The data contains 2571 observations across 33 variables. The first variable, Brand.Code, is a character; the remaining 32 variables are numeric. Summary statistics of the variables are presented below:
library(e1071)
library(pander)
means <- sapply(ph_data[-1], function(y) mean(y, na.rm = TRUE))

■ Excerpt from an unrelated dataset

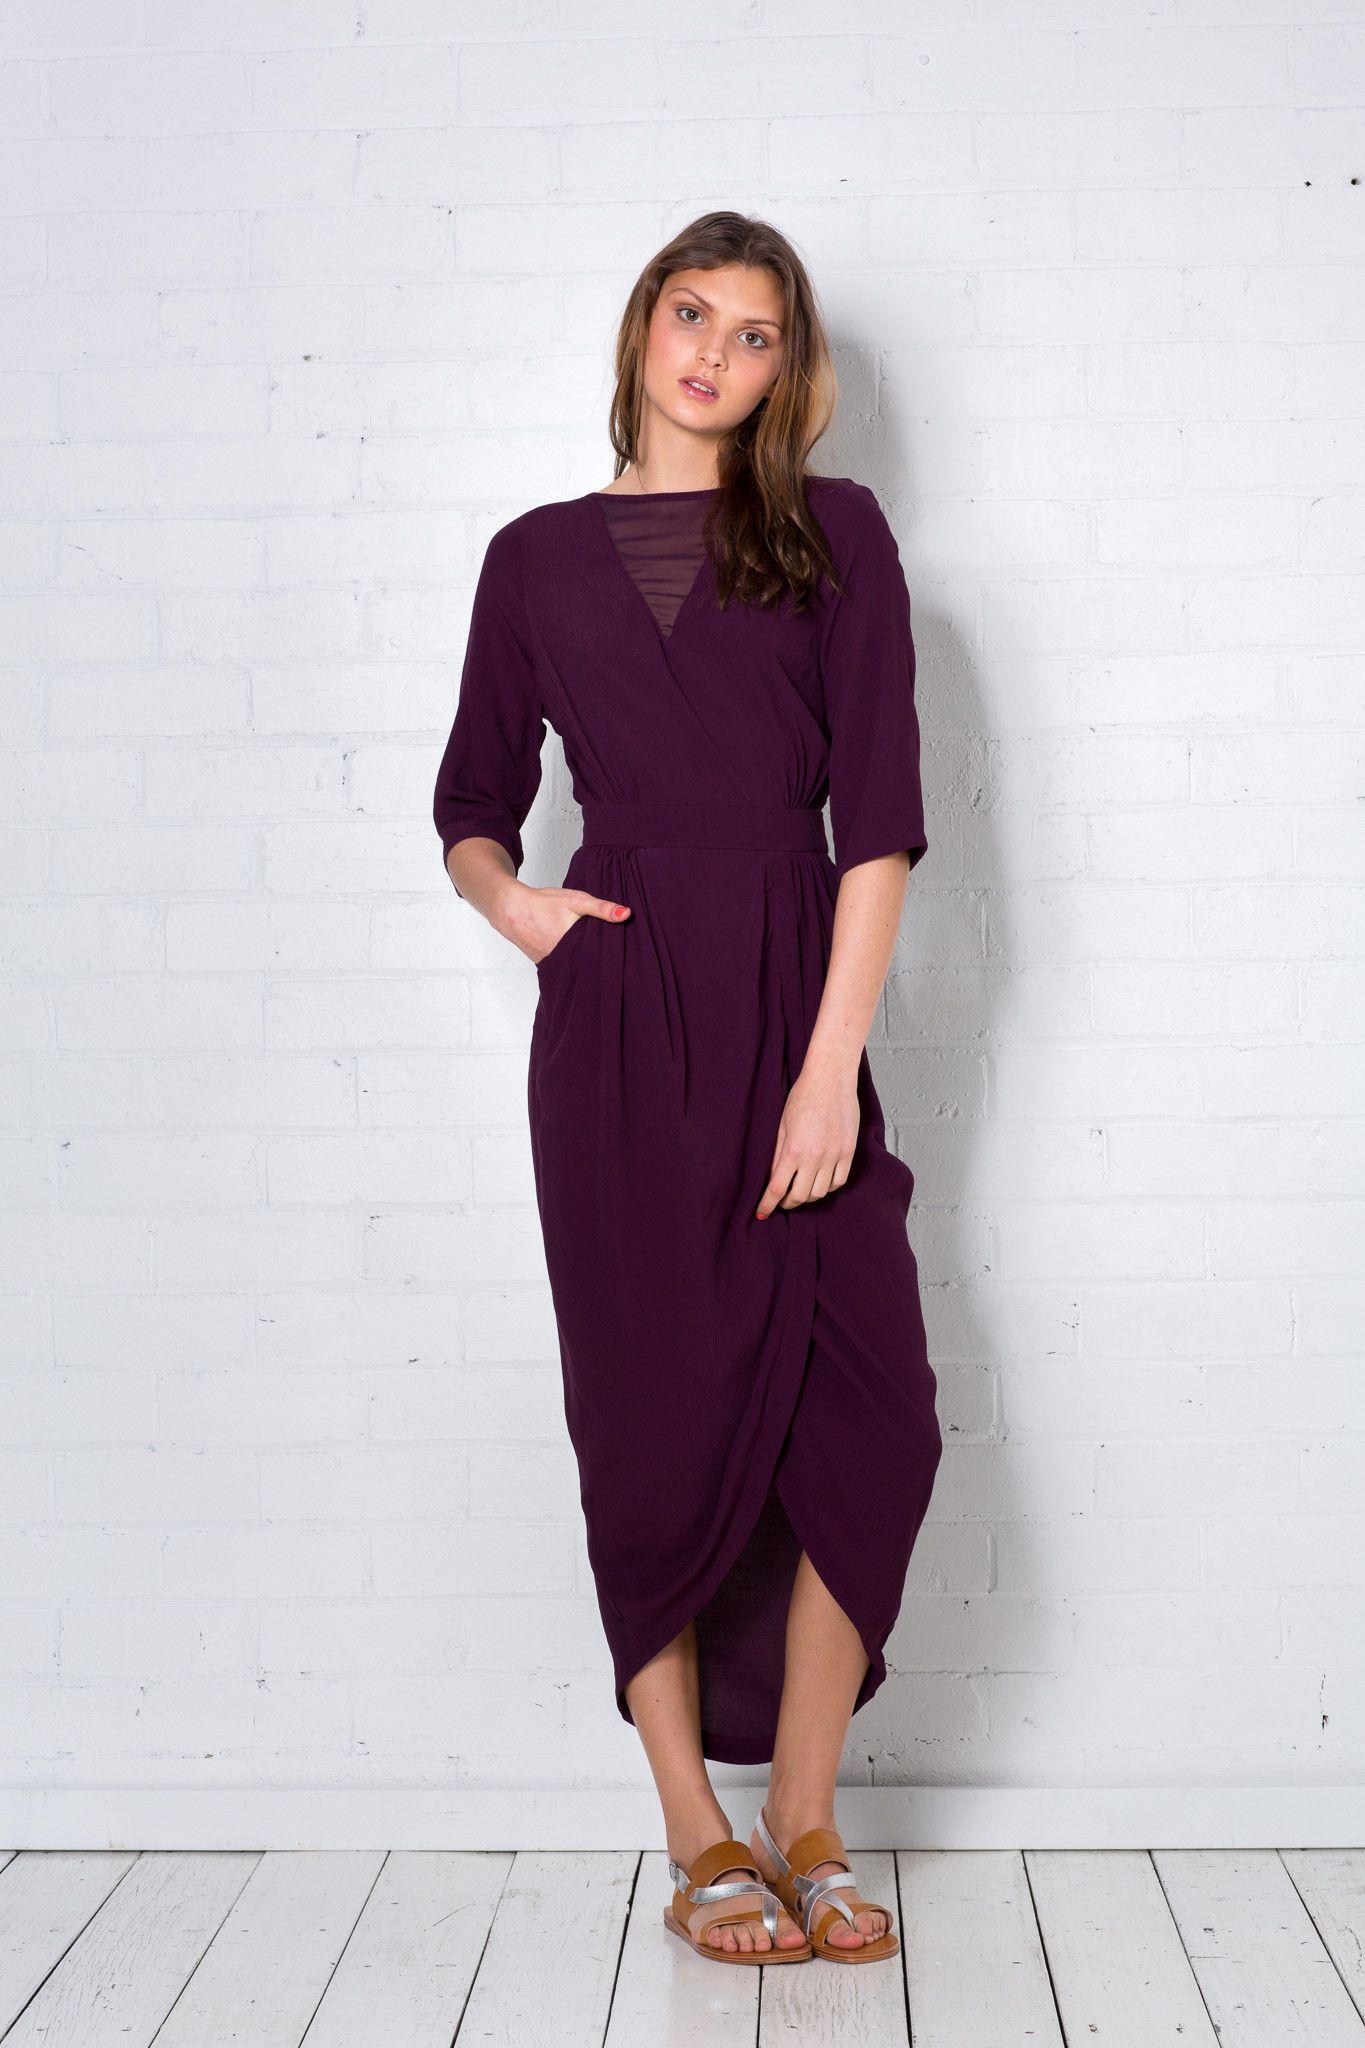 Planner Dress 3/4 Sleeve | Personal style | Pinterest

medians <- sapply(ph_data[-1], function(y) median(y, na.rm = TRUE))
IQRs <- sapply(ph_data[-1], function(y) IQR(y, na.rm = TRUE))
vars <- sapply(ph_data[-1], function(y) var(y, na.rm = TRUE))
skews <- sapply(ph_data[-1], function(y) skewness(as.numeric(y), na.rm = TRUE))
cors <- as.vector(cor(ph_data$PH, ph_data[,2:ncol(ph_data)], use = "complete.obs"))
NAs <- sapply(ph_data[-1], function(y) sum(length(which(is.na(y)))))
soda_summary <- data.frame(means, medians, IQRs, vars, skews, cors, NAs)
colnames(soda_summary) <- c("MEAN", "MEDIAN", "IQR", "Var", "SKEW", "$r_{PH}$", "NAs")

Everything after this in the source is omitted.